Conformément aux dispositions de l’article 455 du code de procédure civile, la cour se réfère, pour un plus ample exposé des moyens et prétentions des parties, à leurs conclusions écrites précitées.
MOTIFS DE LA DÉCISION
Aux termes de l’article 1534 du code de procédure civile, dans sa rédaction issue du décret n° 2025-660 du 18 juillet 2025, applicable au litige, 'le juge saisi du litige peut, même en référé, après avoir recueilli l’accord des parties, désigner un conciliateur de justice ou ordonner une médiation. La conciliation ou la médiation peut porter sur tout ou partie du litige. La décision interrompt le délai de péremption de l’instance jusqu’à l’issue de la conciliation ou de la médiation'.
Selon l’article 1534-4 du même code, la durée initiale de la mission de médiation ne peut excéder cinq mois. Cette mission peut être prolongée une fois, pour une durée de trois mois, à la demande du médiateur.
En l’espèce, les parties ont fait part de leur accord pour une médiation.
Il y a lieu, en conséquence, d’ordonner une telle mesure dans les conditions précisées au dispositif, aux frais partagés des parties.

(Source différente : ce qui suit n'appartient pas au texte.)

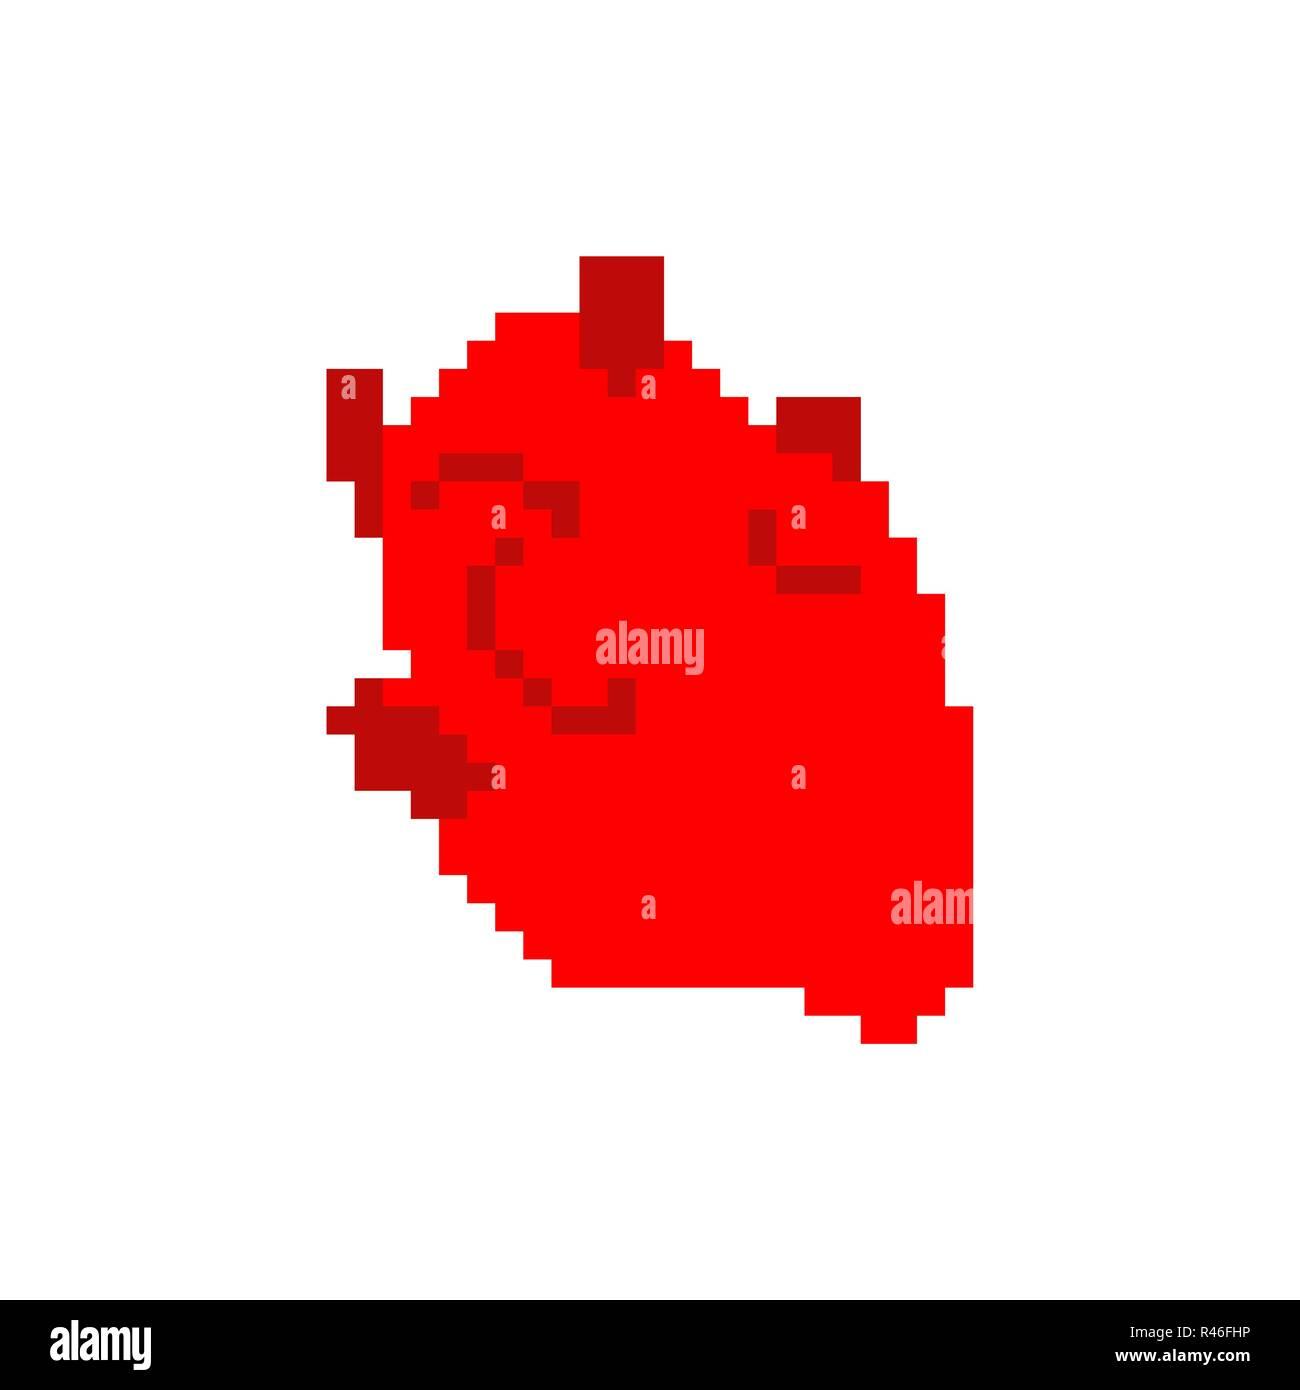 Heart Anatomy Pixel Art Human Internal Organs 8 Bit Pixelate 16bit

L’ensemble des demandes et les dépens sont réservés.
PAR CES MOTIFS
La cour, statuant publiquement et contradictoirement, par décision avant dire droit,
ORDONNE une médiation ;
DÉSIGNE M. [J] [W]
Médiateur inscrit sur la liste de la cour d’appel de Lyon
Demeurant : [Adresse 4]
Téléphone : [XXXXXXXX03]
Courrier électronique : [Courriel 7]
en qualité de médiateur avec la mission suivante :
— réunir et entendre les parties ainsi que leurs conseils,
— après avoir pris connaissance de tous éléments utiles, par la confrontation et le rapprochement de leurs points de vue respectifs suivant un processus à déterminer ensemble, permettre aux parties de trouver par elles-mêmes une solution au conflit qui les oppose en les aidant dans l’élaboration d’un accord ;
DIT que, sauf prorogation dans les conditions de l’article 1534-4 du code de procédure civile, la mission du médiateur est d’une durée de quatre mois suivant la première réunion de médiation ;
FIXE à 1800 euros TTC la provision à valoir sur la rémunération du médiateur, somme qui devra être versée directement entre les mains du médiateur dans le délai de quinze jours suivant la date de cet arrêt, à raison de la moitié par chaque partie ;
RAPPELLE qu’à défaut de versement de la somme provisionnelle dans les conditions fixées et le délai imparti, la désignation du médiateur sera caduque et l’instance se poursuivra ;
RAPPELLE au médiateur désigné son obligation d’informer la cour des difficultés qu’il pourrait rencontrer dans l’accomplissement de sa mission, et qu’à l’expiration de celle-ci il devra indiquer à la cour par écrit si les parties sont ou non parvenues à trouver une solution au conflit qui les oppose ;
DIT que le rapport de fin de mission établi par le médiateur, qui ne fera pas état des propositions transactionnelles ayant pu éventuellement émaner de l’une ou l’autre des parties, sera remis à la cour sans délai ;
INVITE les parties à informer la cour des suites réservées au processus de médiation par la voie électronique ;
DIT que l’affaire sera rappelée à l’audience de mise en état du 09 juin 2026 ;
RÉSERVE l’ensemble des demandes et les dépens.